GNoME Database Screening

This notebook demonstrates how to:

Load and preprocess the GNoME database
Remove overlapping materials between GNoME and other databases
Use a pretrained Gradient Boosted Decision Tree (GBDT) classifier to screen candidate materials
Use a pretrained E(3)NN (can be switched to GBDT) regressor to predict band gaps on screened candidates
Save and manage prediction results

The pipeline leverages both compositional and structural features, and focuses on efficient screening and regression of materials properties.

Python

from energy_gnome.dataset import GNoMEDatabase, MPDatabase
from energy_gnome.models import E3NNRegressor, GBDTClassifier
from pathlib import Path

# Change data_dir to reflect your project's folder structure.
# Here, we assume that there are a `notebook`, a `data`, a `models`,
# and a `figures` subfolder in the main project folder.
data_dir = Path(".").resolve().parent / "data"
models_dir = Path(".").resolve().parent / "models"
figures_dir = Path(".").resolve().parent / "figures"

Database creation

Load the GNoME database and allow updates to raw data

Python

gnome_db = GNoMEDatabase(name="gnome", data_dir=data_dir)
gnome_db.allow_raw_update()

print(gnome_db)

Access the raw dataset from GNoME

Python

gnome_db.get_database("raw")

Pulls the raw GNoME materials dataset.
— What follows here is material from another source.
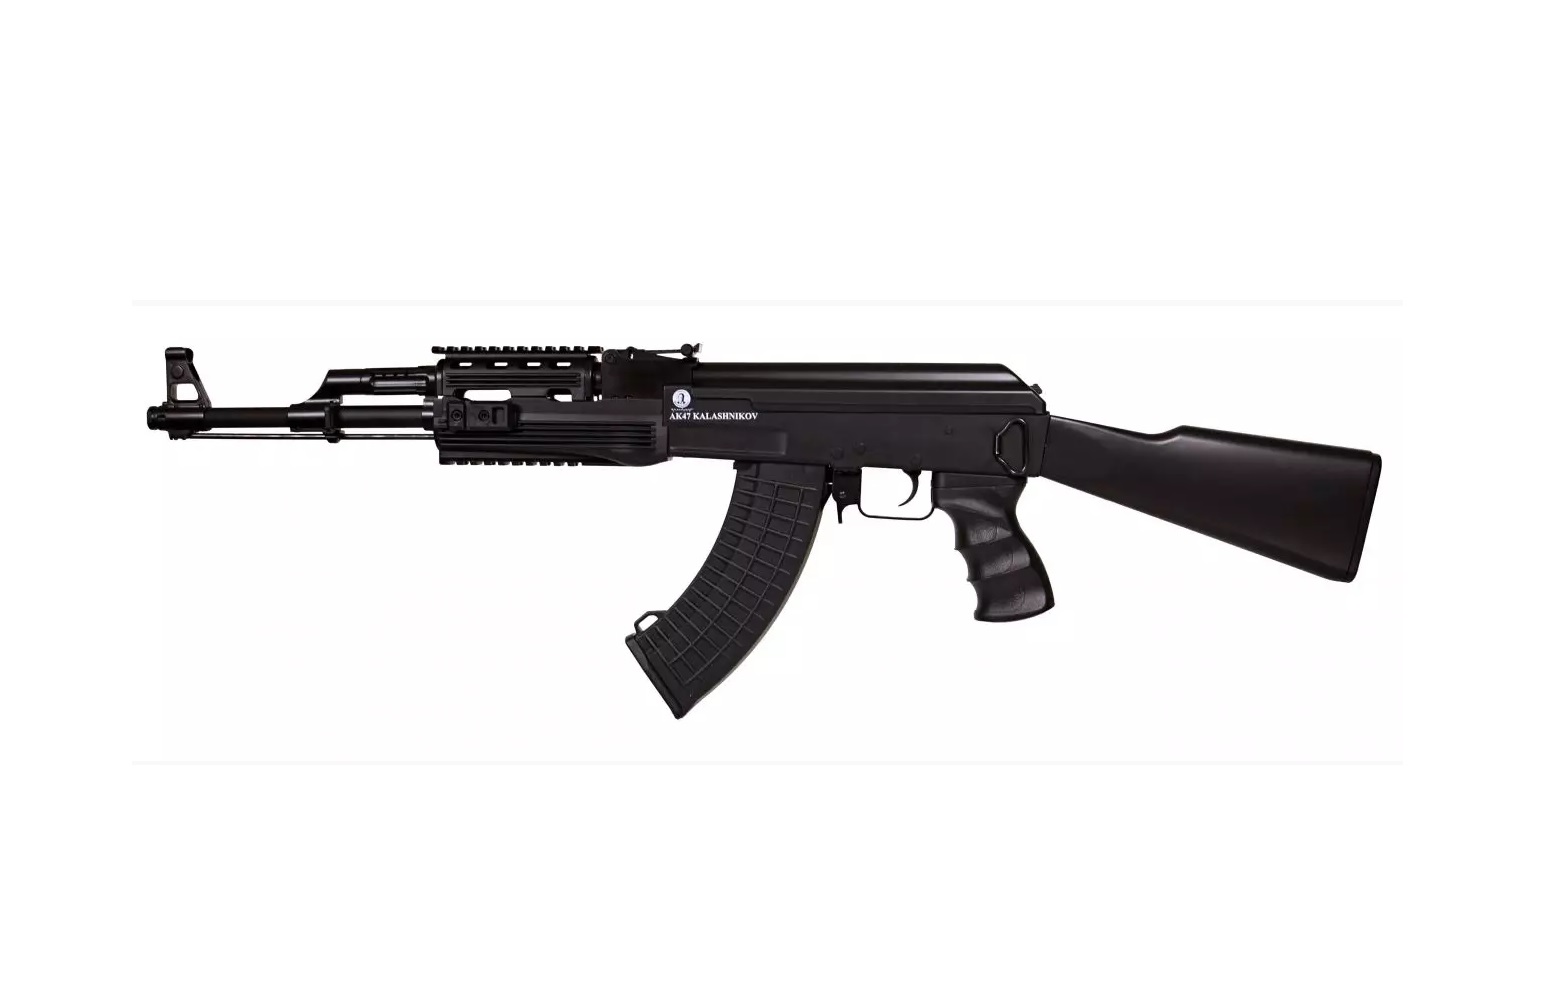 AK 47 TACTICAL

As of now, there is still no implementation of the pipeline to download and extract the GNoME database from Google Deepmind's repository.

Python

df = gnome_db.retrieve_materials()

Compares the newly retrieved entries with the existing raw dataset and updates if necessary.

Python

gnome_db.compare_and_update(df, "raw")

Saves CIF files for downstream use. Since the files come zipped, this may take some time.

Python

gnome_db.save_cif_files()

Background Database

We now prepare a background dataset using MP materials, to exclude known materials from GNoME. This is necessary since MP has started including GNoME-originated materials calculated using r2SCAN.

Python

mp_db = MPDatabase(name="mp", data_dir=data_dir)

Removes materials from GNoME that overlap with the raw MP set.

This avoids label leakage in later ML tasks.

Python

gnome_db.remove_cross_overlap(stage="raw", df=mp_db.get_database("raw"), save_db=True)

print(gnome_db)

Classification Screening

Loads the trained classifier model and screens GNoME entries for potential perovskites.

Python

classifier_model = GBDTClassifier(
    model_name="perovskites_gbdt", models_dir=models_dir, figures_dir=figures_dir
)

classifier_model.load_trained_models()

Python

screened_df = classifier_model.screen(
    db=gnome_db, featurizing_mode="structure", save_processed=True
)

Target Property Prediction

Applies the trained regression model to the positively screened candidates, estimating their \(E_g\) values.

This completes the full screening pipeline.

Python

regressor_model = E3NNRegressor(
    model_name="perov_e3nn",
    target_property="band_gap",
    models_dir=models_dir,
    figures_dir=figures_dir,
)

regressor_model.load_trained_models()

Python

final_df = regressor_model.predict(gnome_db, confidence_threshold=0.5, save_final=True)